Posted on 10.10.2012

A teachers’ strike in Chicago last month closed the city’s public schools for seven whole school days after teachers walked out of classrooms in the nation’s third-largest school district. An estimated 350,000 students were left without teachers, classes and school lunches, prompting concerns from working parents with no means of childcare for their children.

Exactly what the teachers were striking about remains disputed even now, after the Chicago Teachers Union ratified a new three-year contract to officially end the strike. The deal does include a decent pay raise but also instates a standardized test-based evaluation system, a longer school day and other measures.

Many educators have said that this strike was long overdue because it reflected national tension about education reform and teacher accountability. Such tension is undeniable, and any educator would agree. But tension does not necessitate a strike—it doesn’t mean that an entire district’s teachers should just not show up to class in order to get their way.

Our nation is lucky enough to have freedom that allows us to protest, and non-violent protests, such as strikes, have paved the way for much reform in history. In many areas, strikes are successful means of settling disputes, because they do capture media attention and require negotiation among the battling parties.

However, our public school system is not an appropriate arena for a strike, especially one as drawn out as Chicago’s. A teachers’ strike inevitably creates victims—the students. Students are unquestionably harmed from a seven-day hiatus from classroom instruction. Keep in mind that seven school days is nearly a week and a half of lessons, which could be close to a whole unit of instruction.

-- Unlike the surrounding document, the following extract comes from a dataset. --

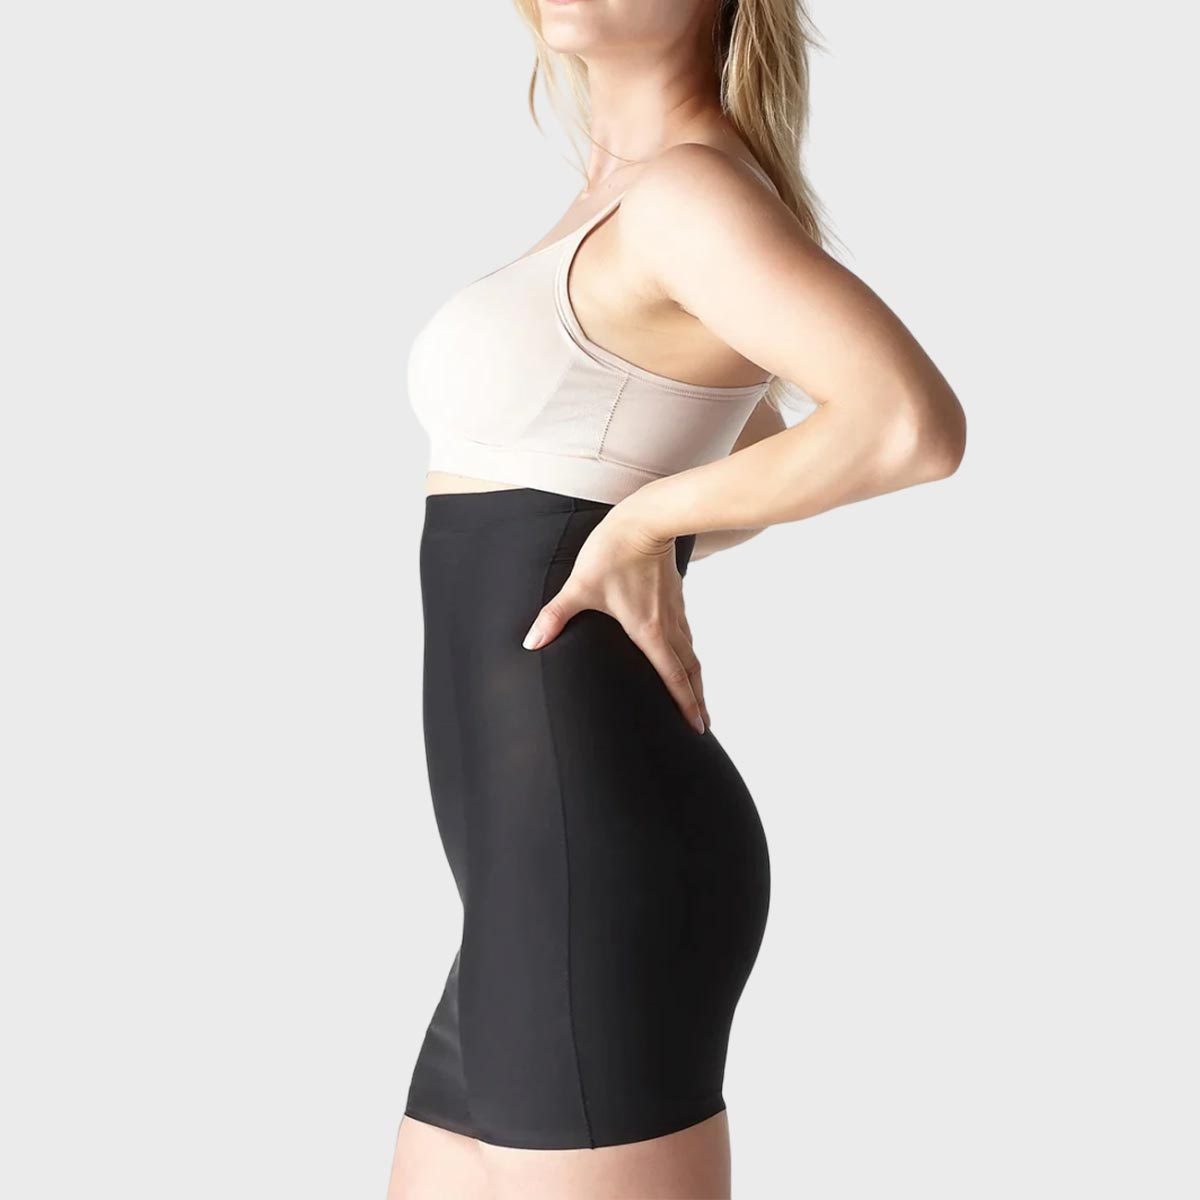 Hey all - I'm finding it impossible to find shapewear (for my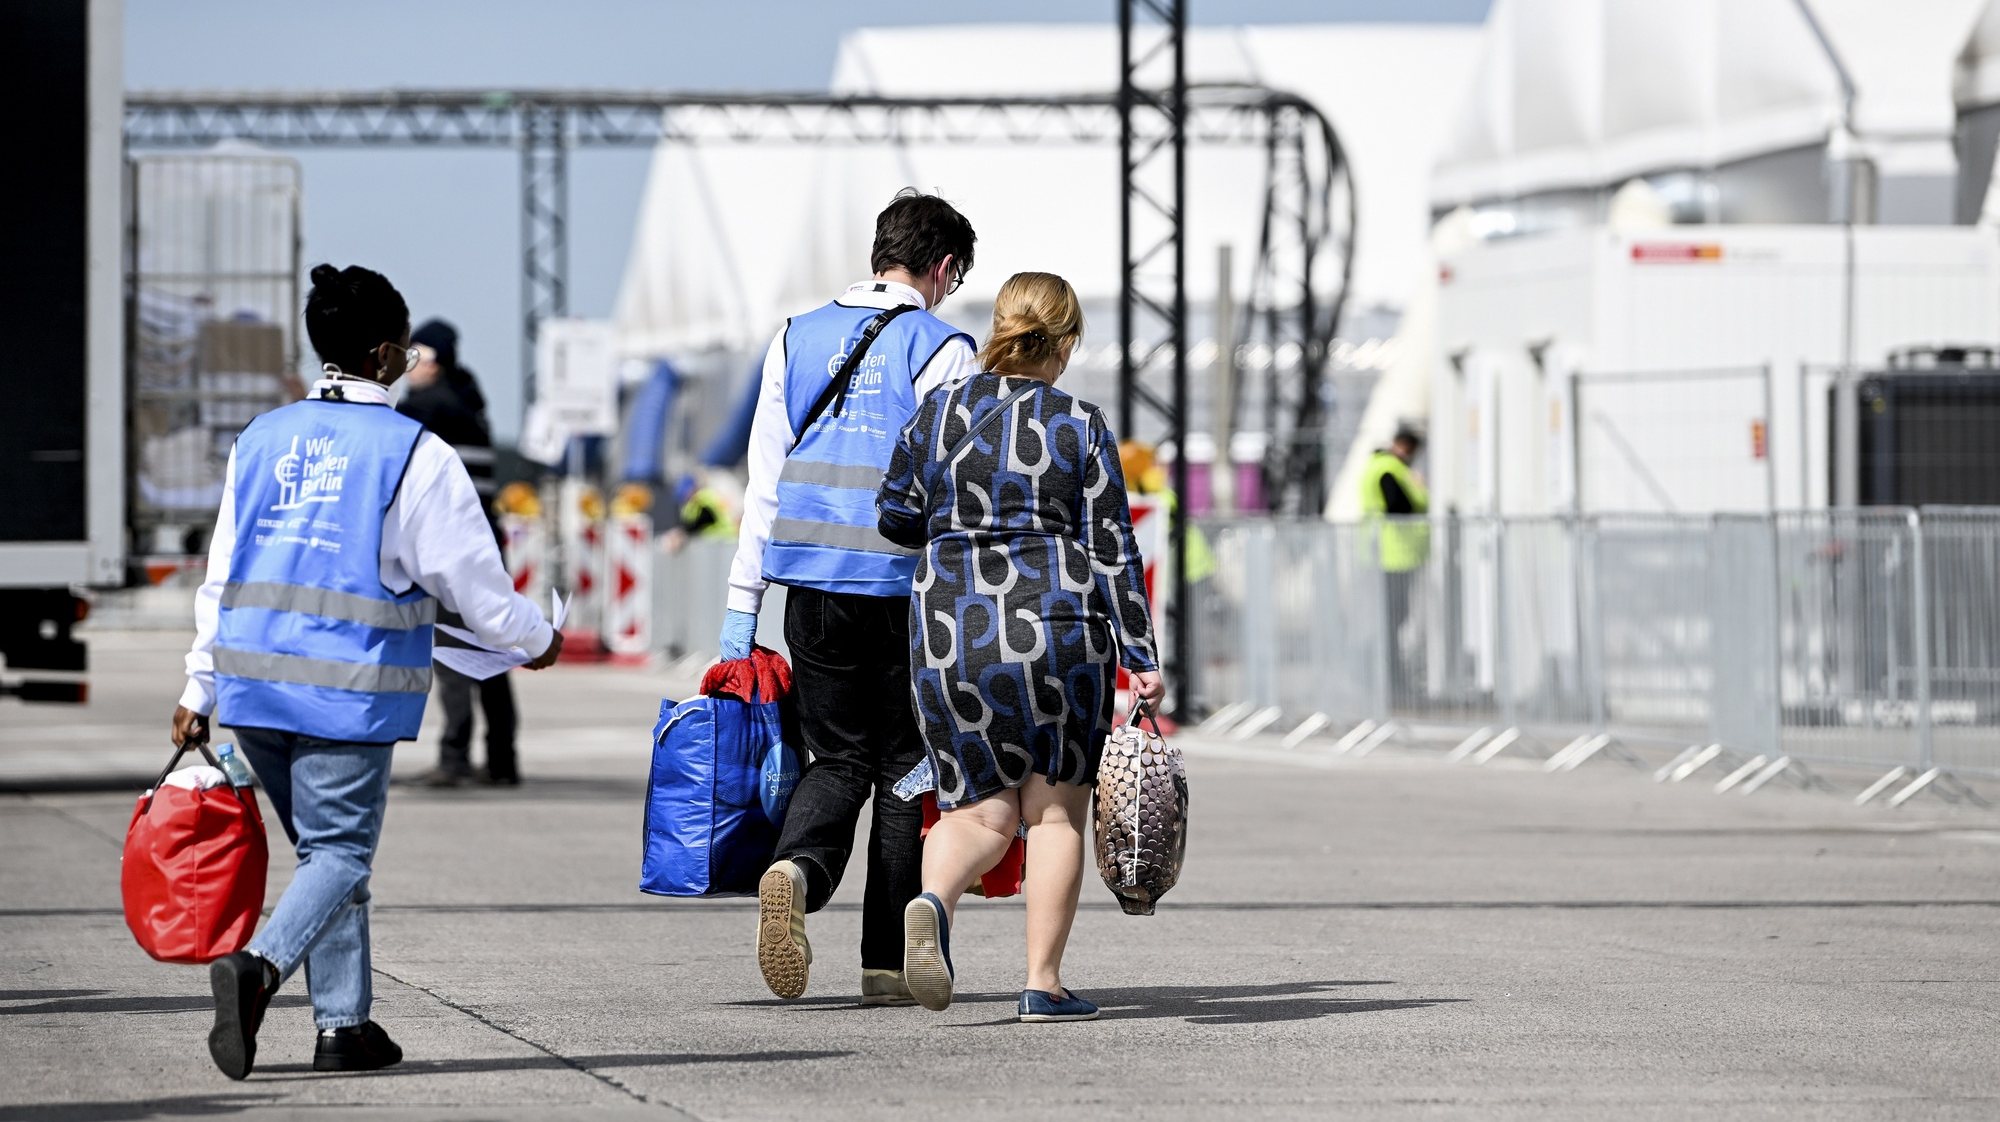 epa10638804 Workers help a woman with her luggage as she arrives at the centre for Ukrainian refugees, at the former Berlin Tegel Airport, in Berlin, Germany, 19 May 2023. The German Red Cross (DRK) has set up an arrival center for refugees in response to their massive arrival in Germany, at the beginning of the Ukrainian crisis in March 2022.  EPA/FILIP SINGER

Did Chicago’s teachers forget about their students, the reason they supposedly show up for work every day? Or did the teachers simply deem their dispute more weighty than the education of 350,000 students? Either way, the extended strike that the teachers conducted was irresponsible and unprofessional.

Most in the educational system would agree that teachers are overworked and underpaid. But, as cliché as it is, teachers do not enter the profession for the money, but for the passion. That being said, an ideal teacher should be most concerned about his or her students.

Teaching requires a sort of sacrifice similar to motherhood, meaning teachers should first be advocates for their students before being advocates for themselves. The Chicago strike exhibited teachers acting in complete opposition to their students’ best interests, and it is unfortunate that students had to suffer in this way.